Писатели — счастливейшие люди на землю, ведь они творят волшебство. Они подобны Богу; но ближе они к дьяволу, к тем темным силам, что заправляют адом. Будь моя воля, я бы сжег всех писателей — чтобы не создавали они книги, не вводили меня в искушение. И библиотечная полиция, боже мой… как же я ненавижу их.

Сегодня приходил один из них, инспектировал книги. Он брал их в руки, осторожно пролистывал, записывал что‑то в блокнот. Рукопись в то время лежала, запакованная в целлофан, внутри плюшевого медведя; медведя для этих целей пришлось разрезать и снова зашить.

— Все в порядке, — сказал библиотечный полицейский. — Вы хороший хозяин, Николай Петрович.

— Разумеется, — кивнул я.

Той же ночью мне приснился кошмарный сон. Я вновь увидел брата; он тонул в море крови и кричал мне при этом: «Книга, Коля, книга!» Череп его был расколот, но он все кричал и кричал, и кровь вытекала из раны…
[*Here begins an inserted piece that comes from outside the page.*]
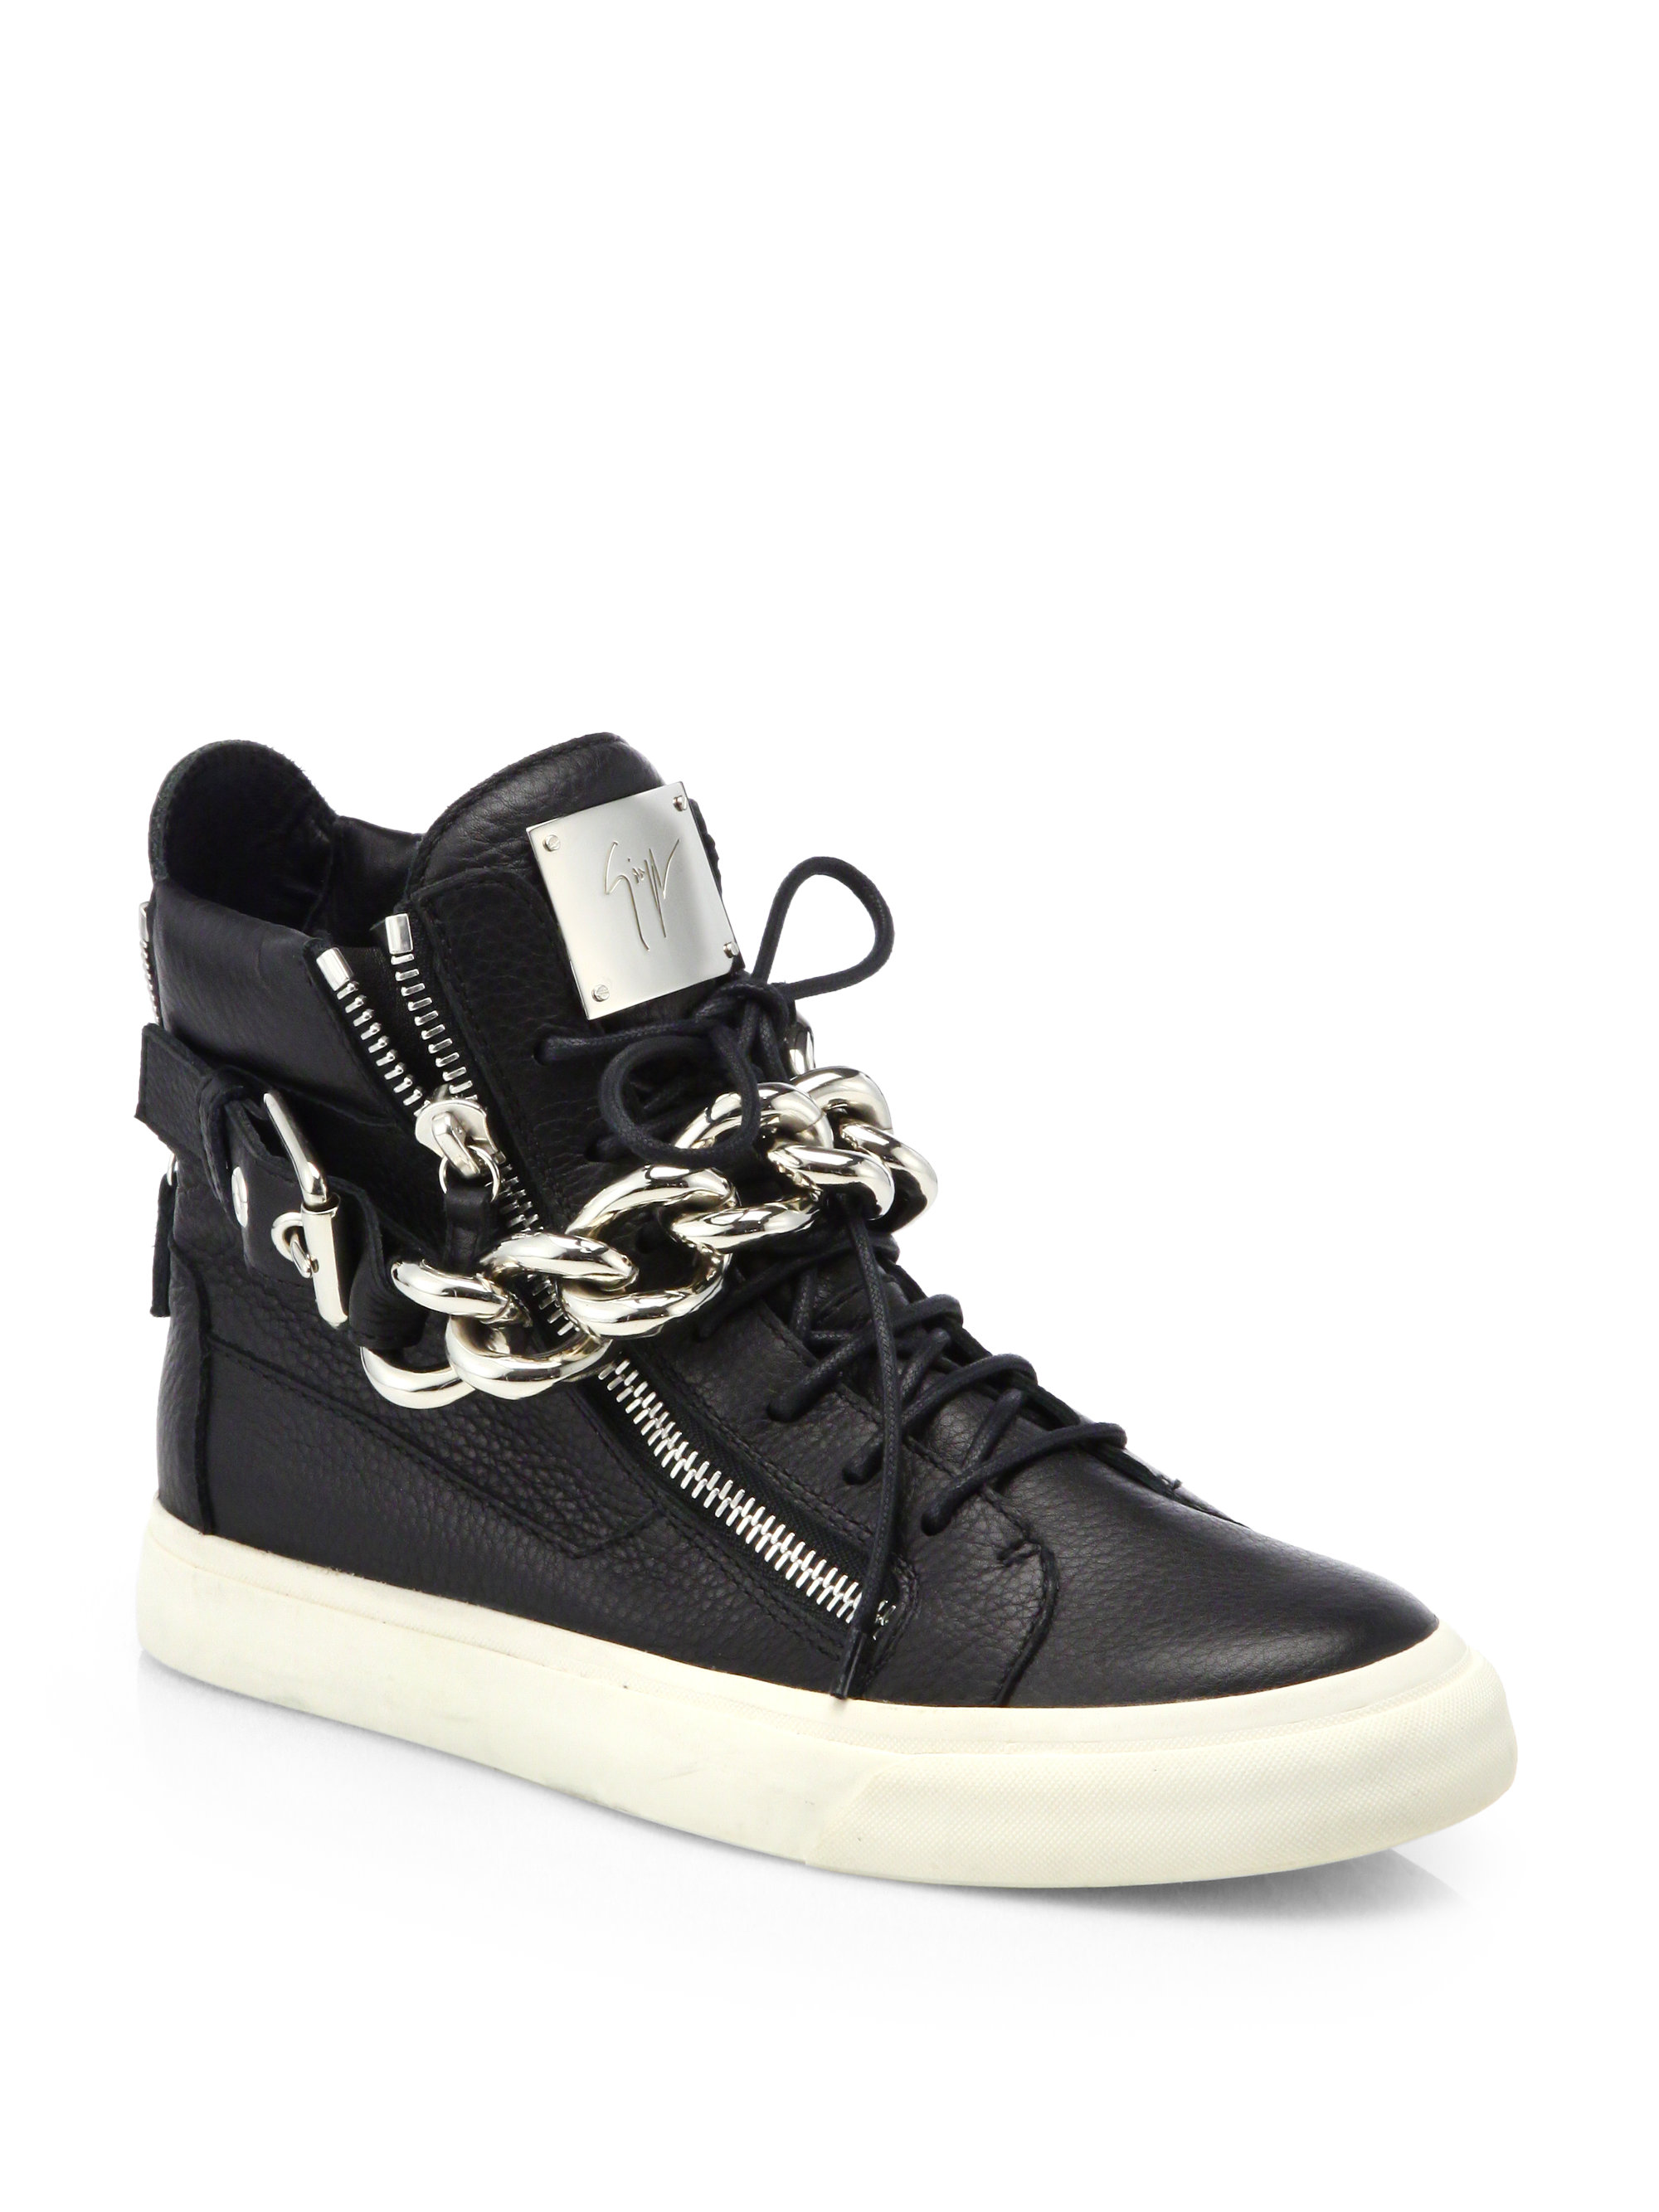 Lyst - Giuseppe Zanotti Silver Chain Hightop Sneakers in Black for Men

Я проснулся в холодном поту. Медленно, двигаясь как сомнамбула, я распорол медведю брюхо, вытащил рукопись. Она сияла, подобно елочной игрушке — то лунный свет падал на целлофан. Я разорвал упаковку, приник губами к желтой, теплой бумаге — и громко застонал. Мой член напрягся. Я больше не мог ждать. Я…

Я должен держать себя в руках.

— Я должен, — пробормотал я, — должен держать себя в руках…

Мои руки тряслись. Я посмотрел на рукопись. Кажется, приступ безумия миновал — мне больше не хотелось вредить ей; напротив, я сожалел о своем поступке.

Я положил рукопись на стол. Лег в кровать. Заплакал от невыносимой боли.

Говорят, Нил Гейман продал рукопись (новый роман, или же комикс — кто знает?) одному миллиардеру.

Хорошо миллиардеру, у него много денег, целые горы — и он может сотнями закупать рукописи, сжигать их, употреблять в пищу… Хотел бы и я так.

На днях я был в библиотеке; там я увидел оригинал «Евгения Онегина» — и чуть не сошел с ума. Я изнемогал; я стоял перед стеклянным ящиком, в котором хранилась рукопись. Пушкин, о боже, Пушкин… Это что‑то на уровне Мураками — или даже выше. Уничтожить труд Пушкина, или же осквернить его — нет блаженства большего.

Потом я вернулся домой. Дрожащими руками я взял рукопись со стола, открыл. «Я не причиню тебе вреда», — сказал я, облизнув пересохшие губы.

Страницы рукописи чуть подрагивали от страха. Я чувствовал ее ужас, ее отвращение. Боже, я был отвратителен ей; был я отвратителен и себе самому.